> What needs to be done
The stretch wanted below opens at the line containing "CHIUSURA SCUOLE DI" and closes at the line containing "Morphological Variability of Oaks". Please return it exactly, with no other lines.

> Given information
= Beginning of Section =

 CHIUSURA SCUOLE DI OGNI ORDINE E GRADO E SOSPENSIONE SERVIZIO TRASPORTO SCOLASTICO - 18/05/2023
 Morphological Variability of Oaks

= End of Section =
= Beginning of Section =

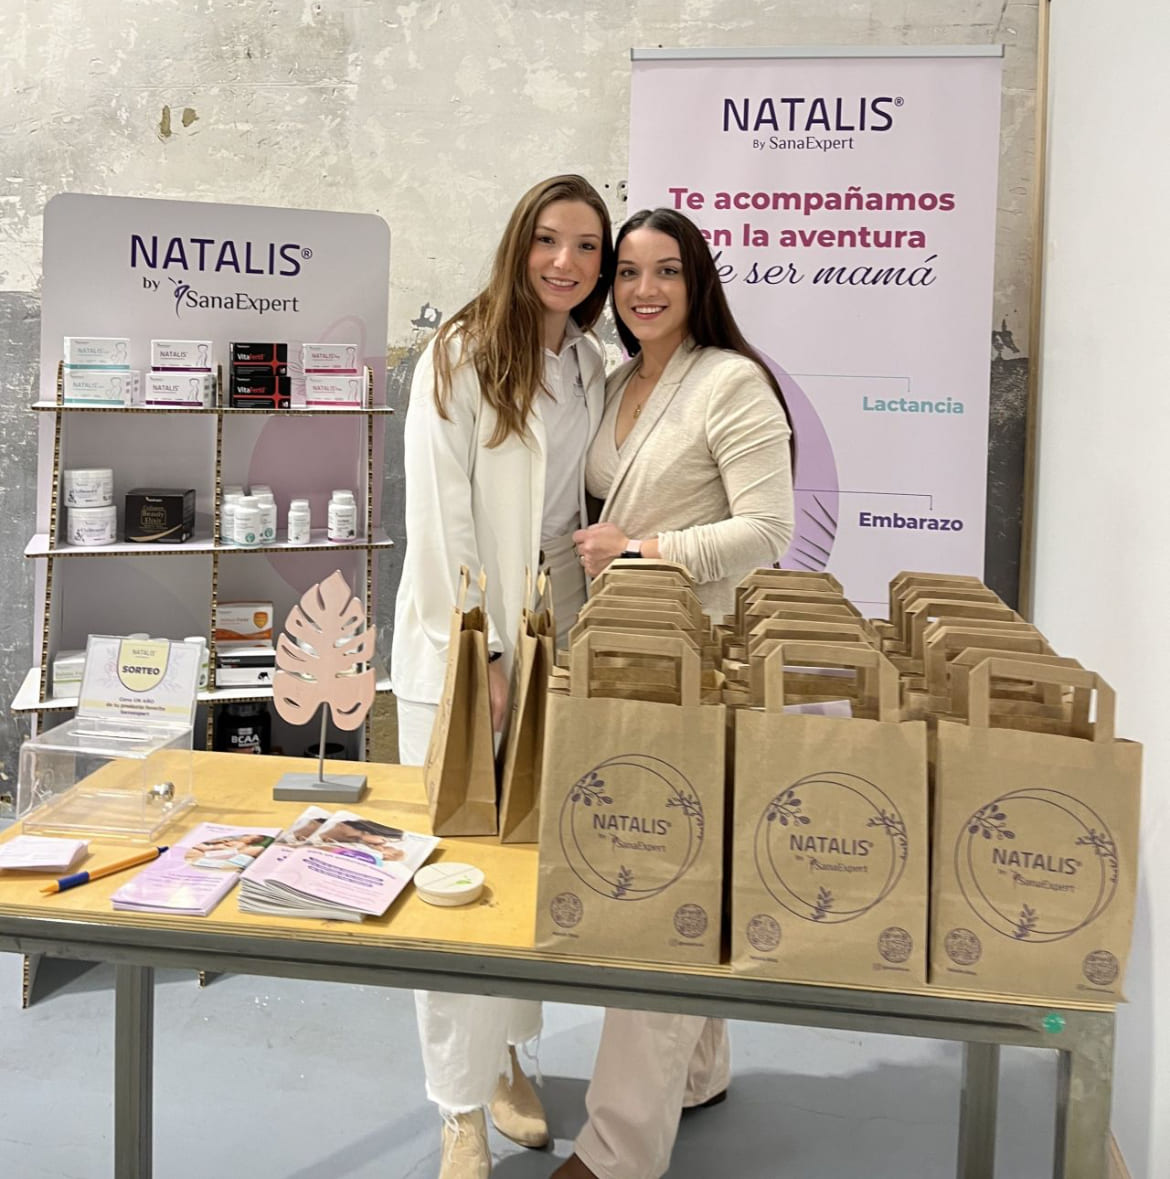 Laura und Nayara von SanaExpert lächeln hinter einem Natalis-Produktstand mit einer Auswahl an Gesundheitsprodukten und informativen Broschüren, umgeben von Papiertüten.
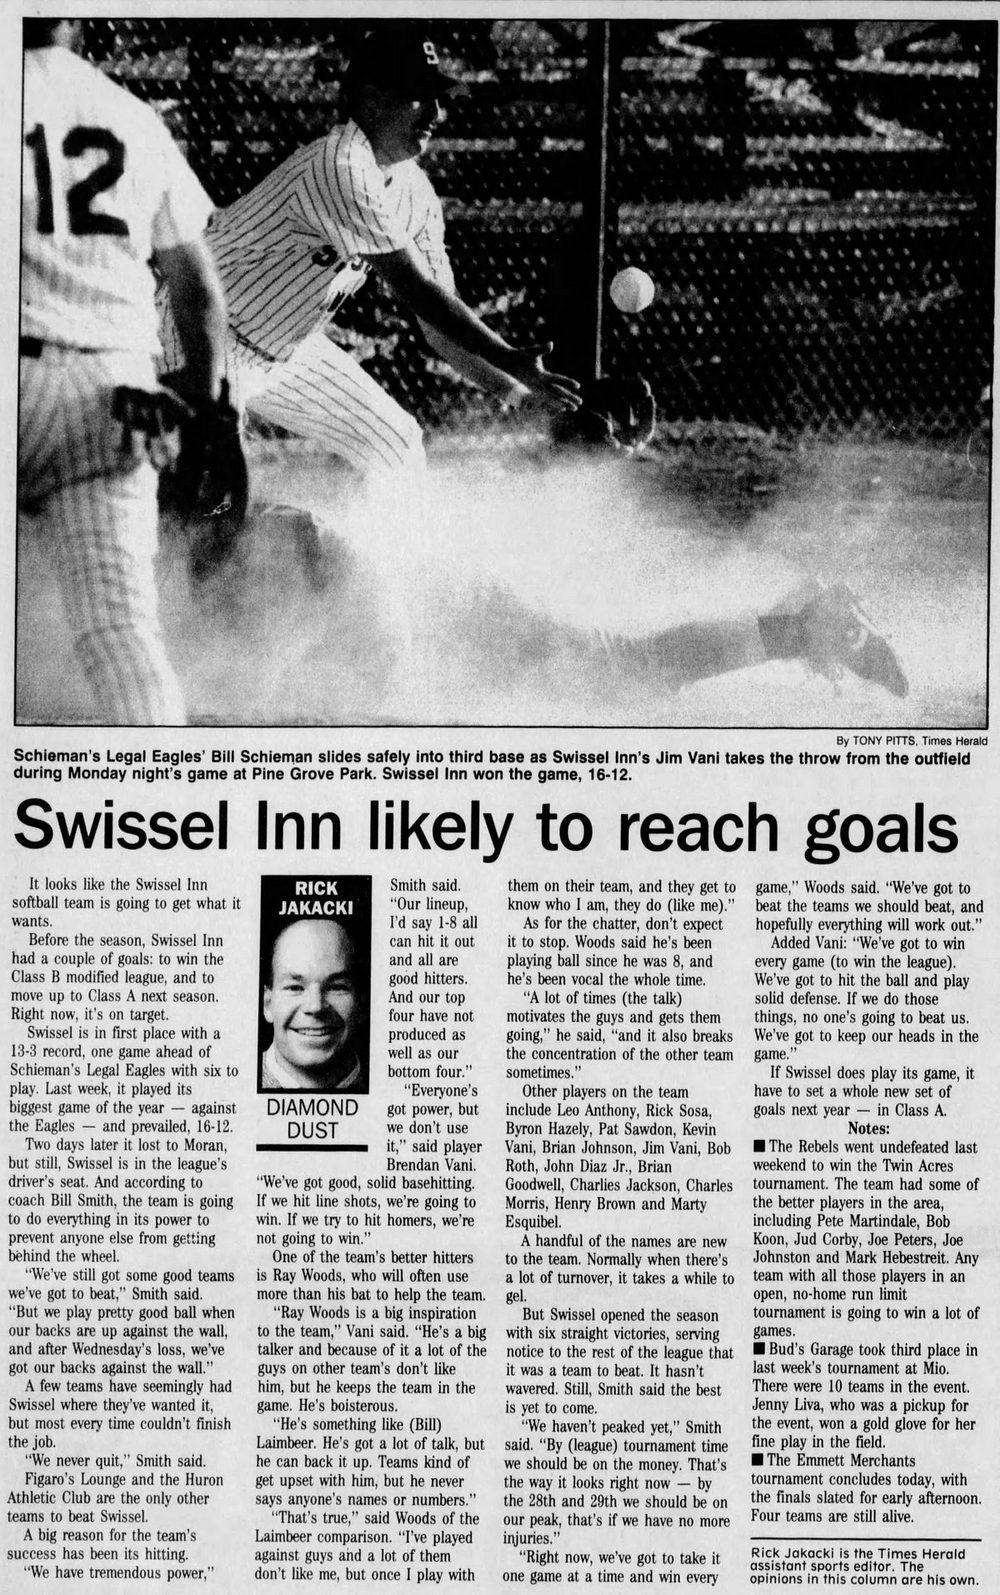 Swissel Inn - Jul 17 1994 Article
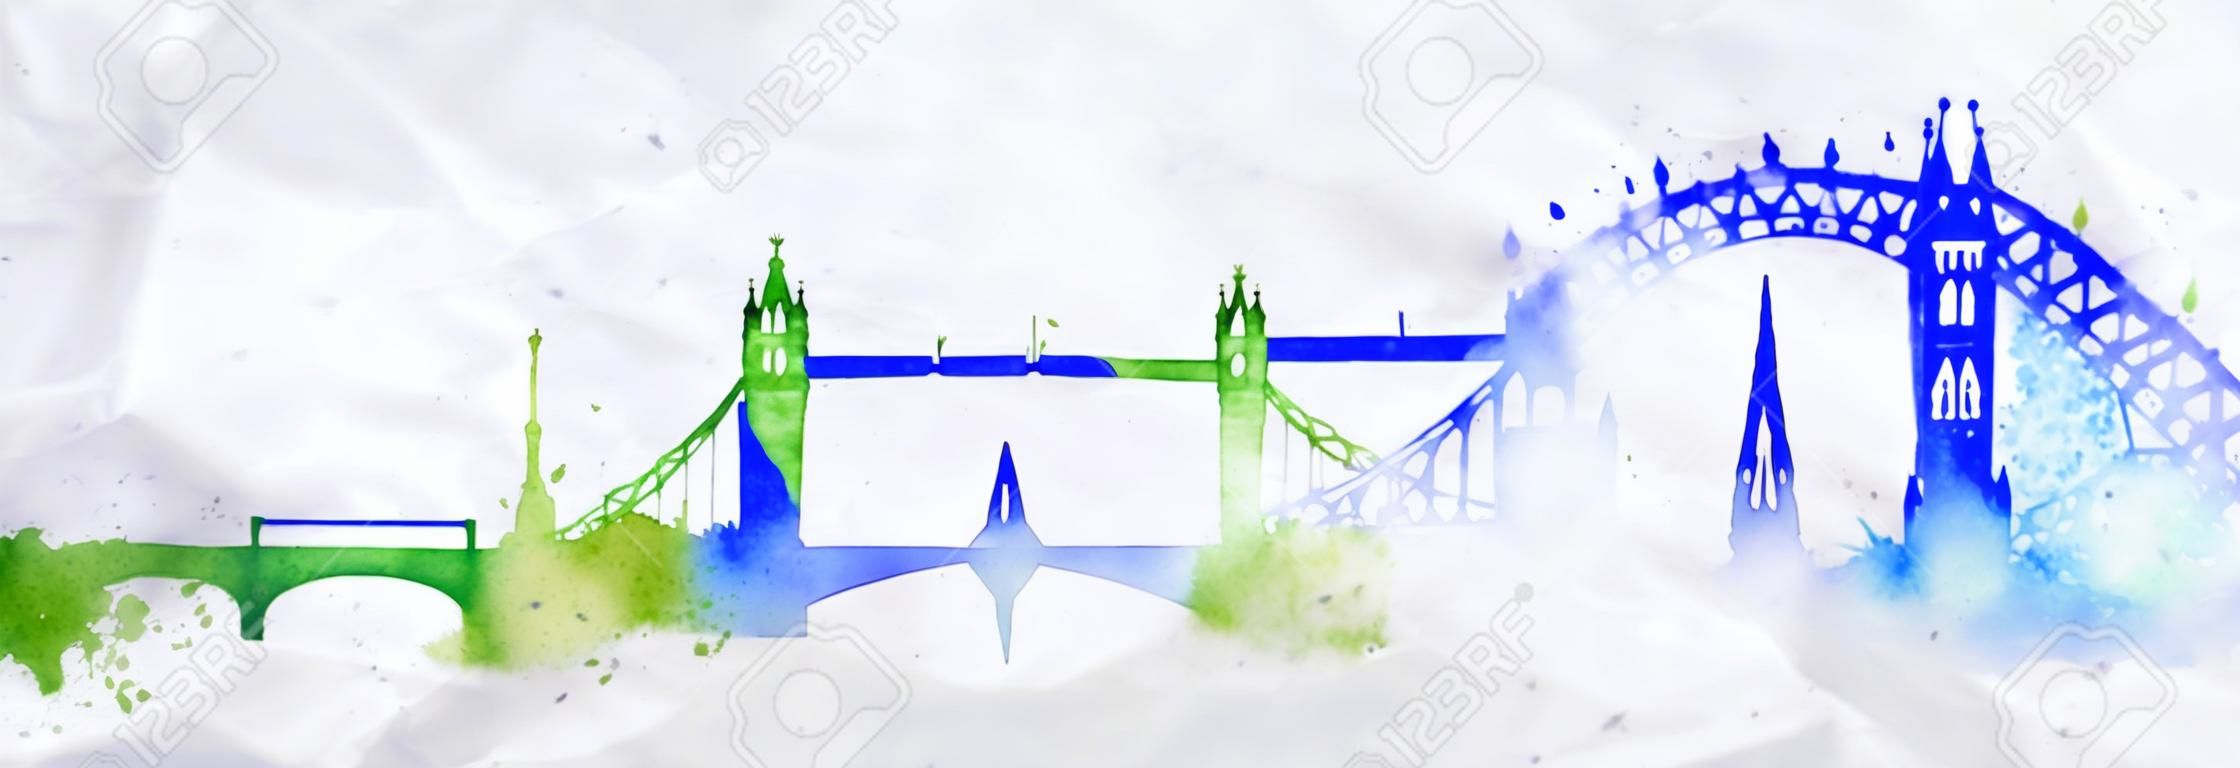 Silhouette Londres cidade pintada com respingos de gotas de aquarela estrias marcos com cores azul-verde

= End of Section =

> Exercise output
 CHIUSURA SCUOLE DI OGNI ORDINE E GRADO E SOSPENSIONE SERVIZIO TRASPORTO SCOLASTICO - 18/05/2023
 Morphological Variability of Oaks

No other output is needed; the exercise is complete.